● TASK MATERIAL:
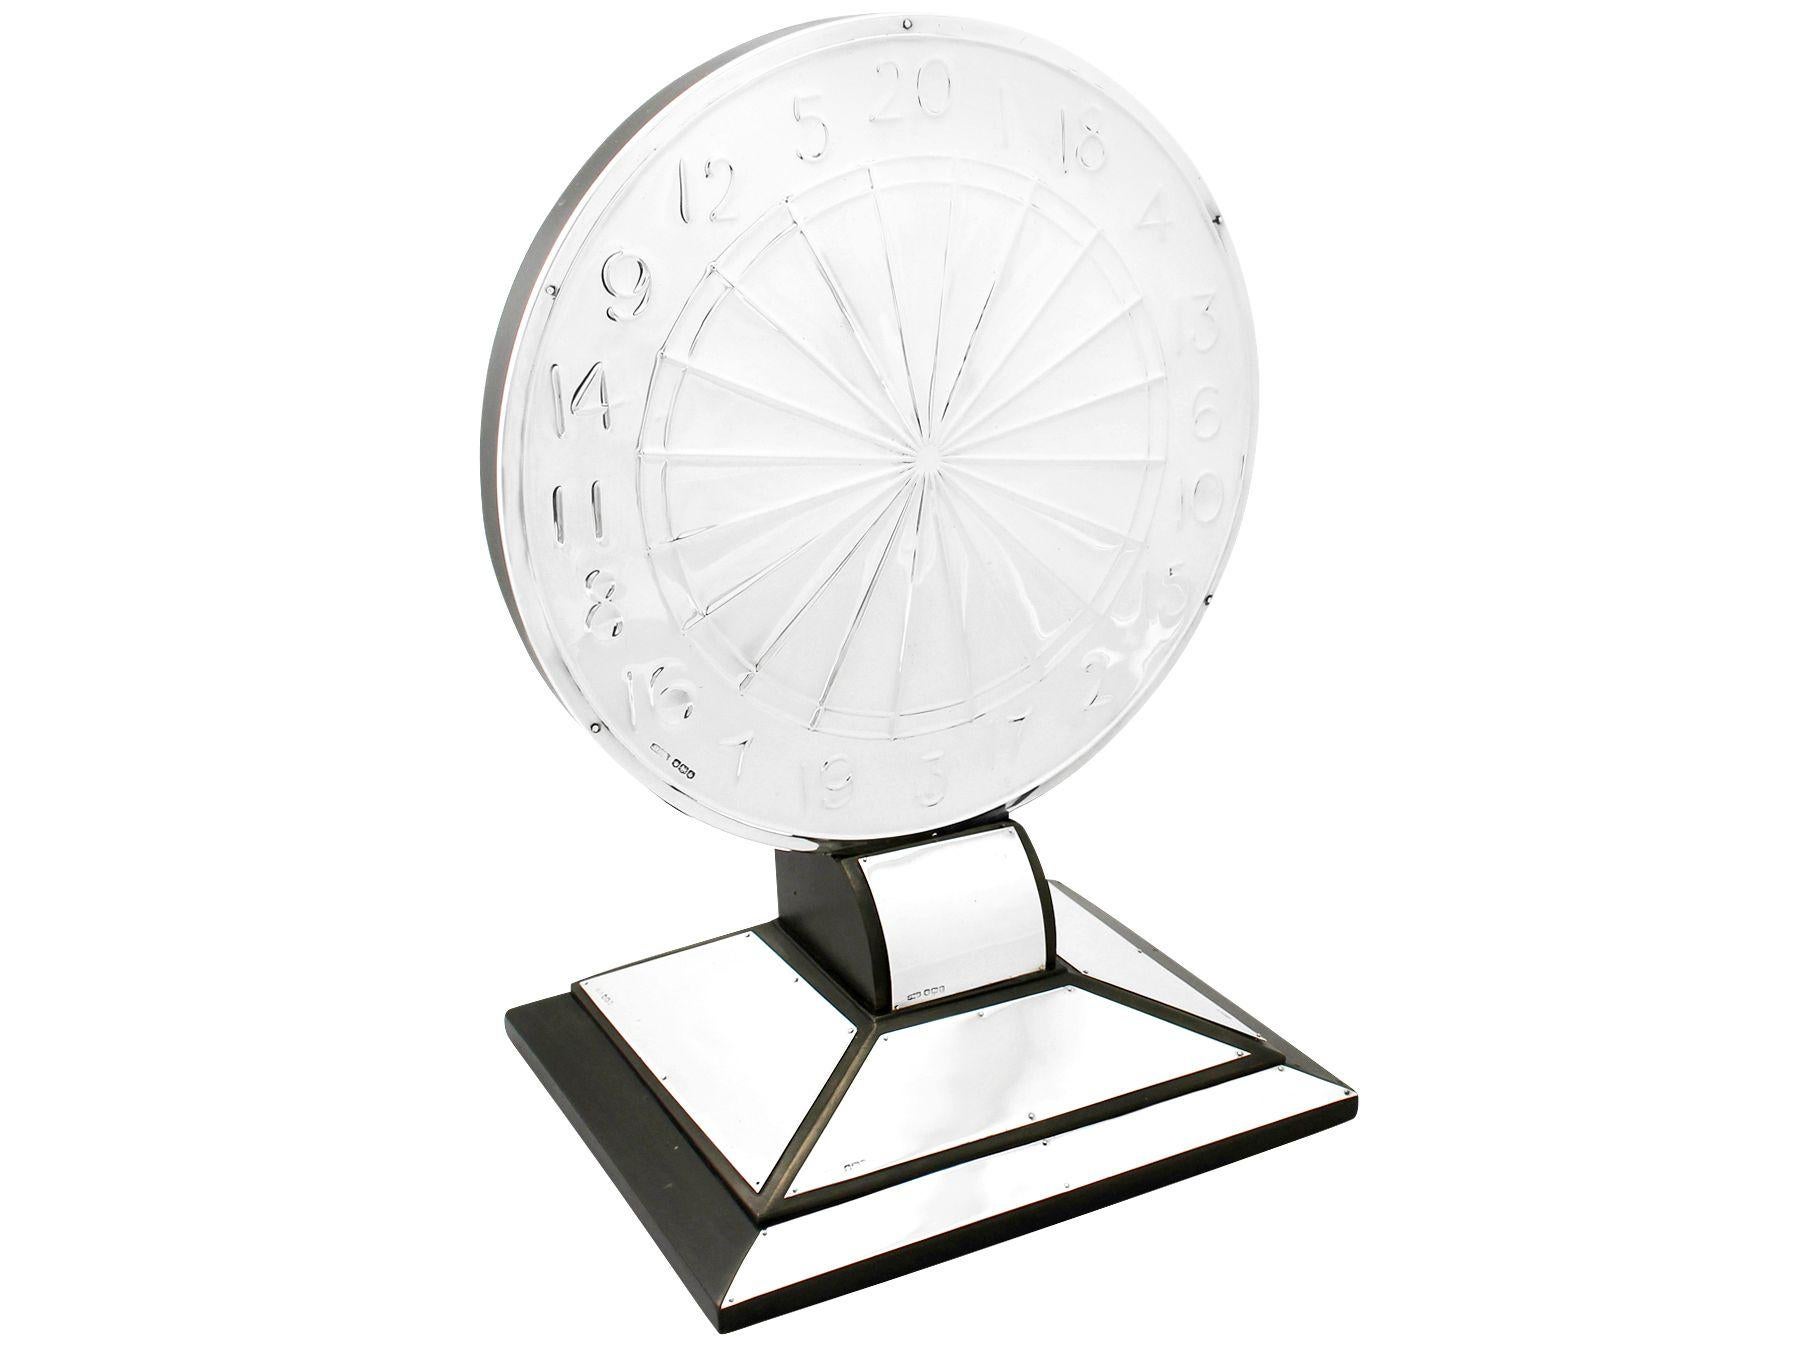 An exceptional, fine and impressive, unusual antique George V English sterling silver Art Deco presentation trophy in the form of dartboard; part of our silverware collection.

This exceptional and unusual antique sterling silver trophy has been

==

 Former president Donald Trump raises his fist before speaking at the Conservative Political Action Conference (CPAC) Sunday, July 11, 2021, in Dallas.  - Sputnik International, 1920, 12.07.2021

--

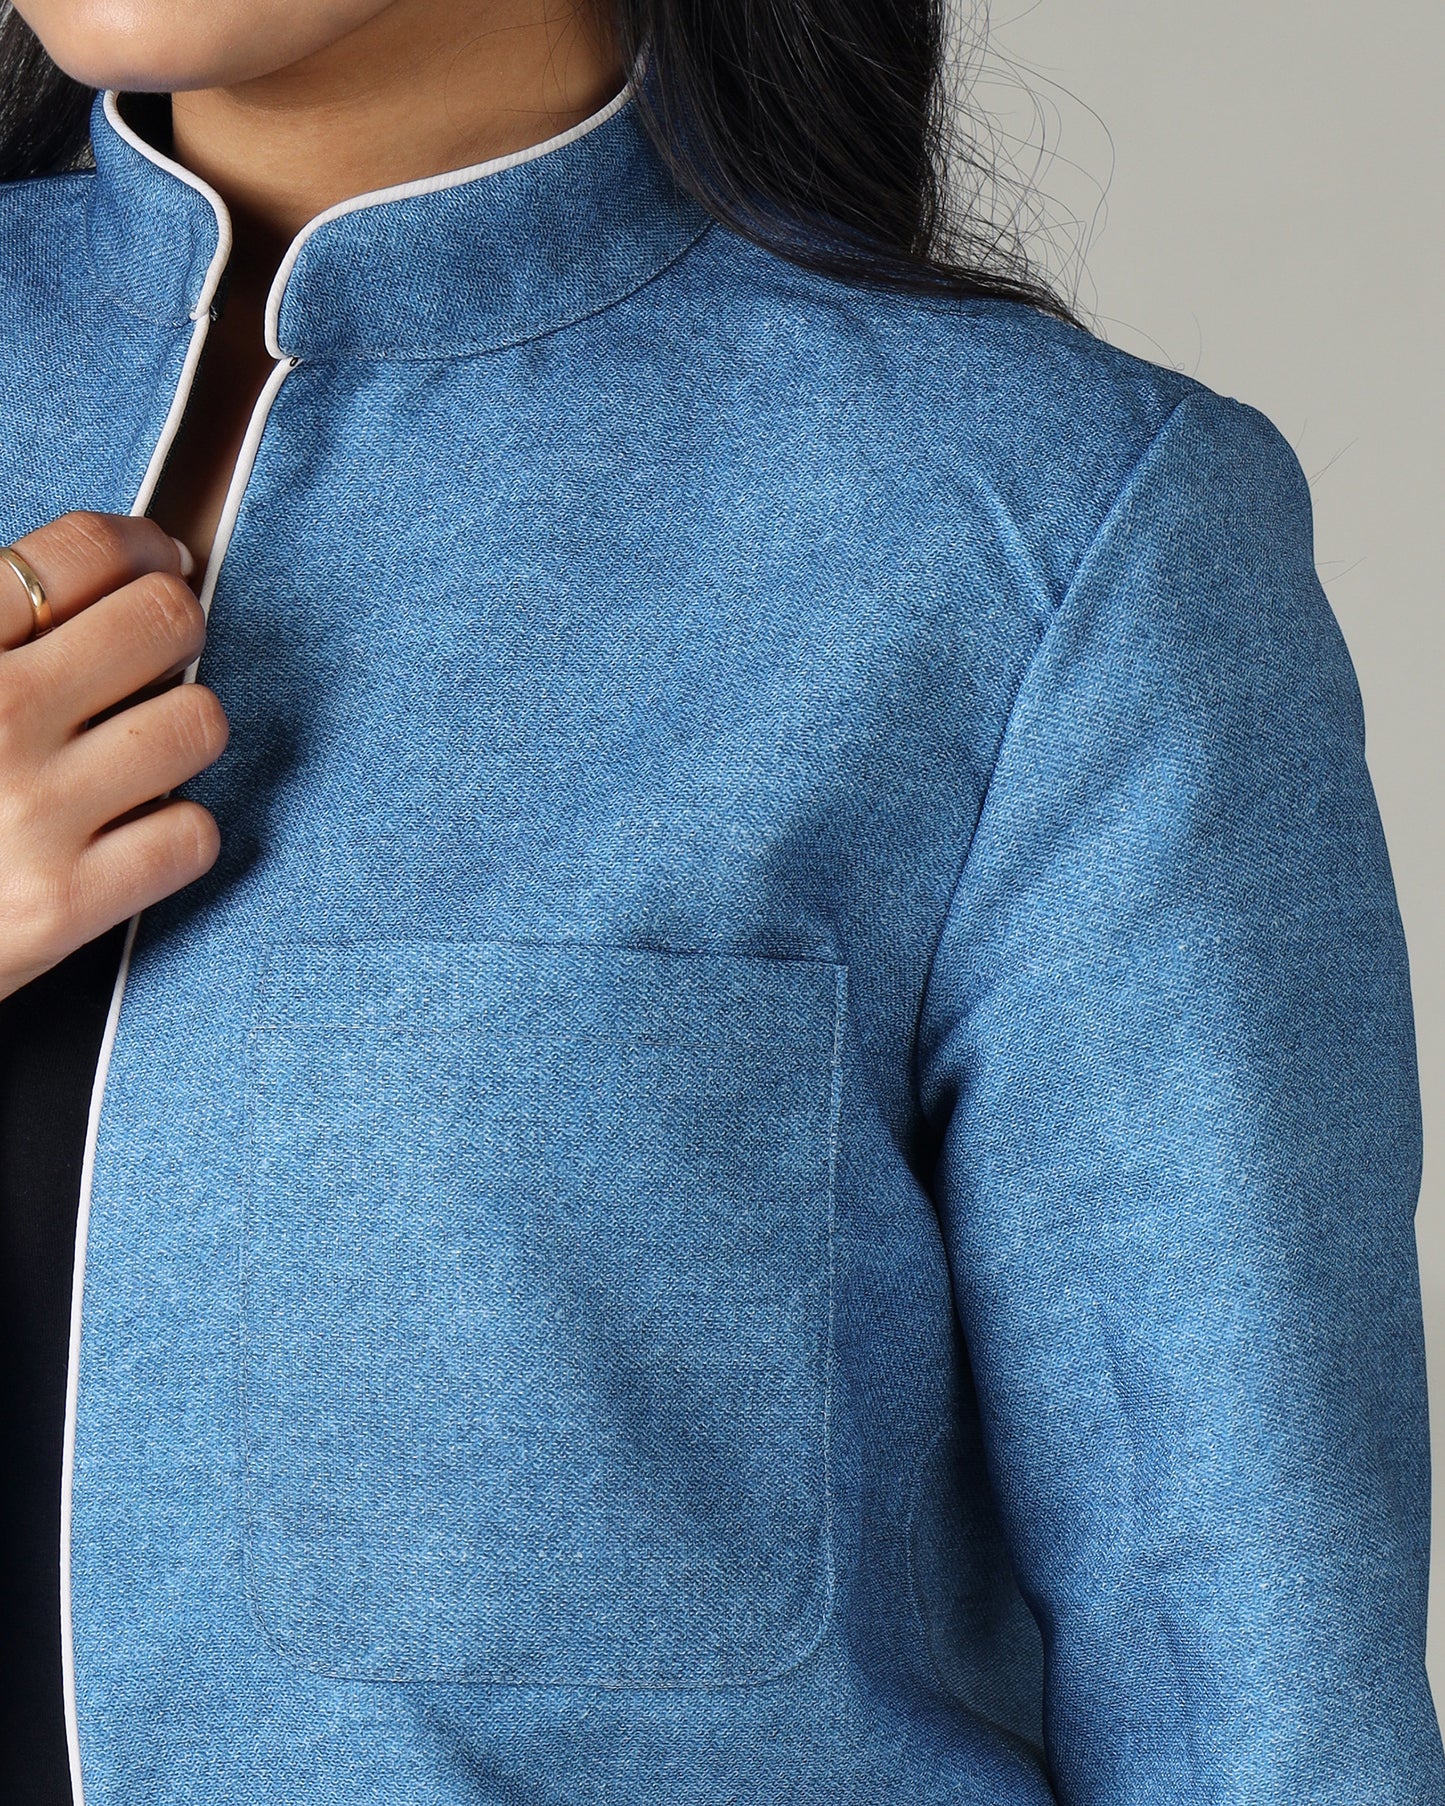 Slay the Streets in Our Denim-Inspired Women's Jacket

● TASK DIRECTIONS: Output exactly, and only, the lines of the entries above from the one with "An exceptional, fine" up to and including the one with "This exceptional and"; pictures are to be left out.

● RESPONSE TO THIS TASK:
 An exceptional, fine and impressive, unusual antique George V English sterling silver Art Deco presentation trophy in the form of dartboard; part of our silverware collection.

This exceptional and unusual antique sterling silver trophy has been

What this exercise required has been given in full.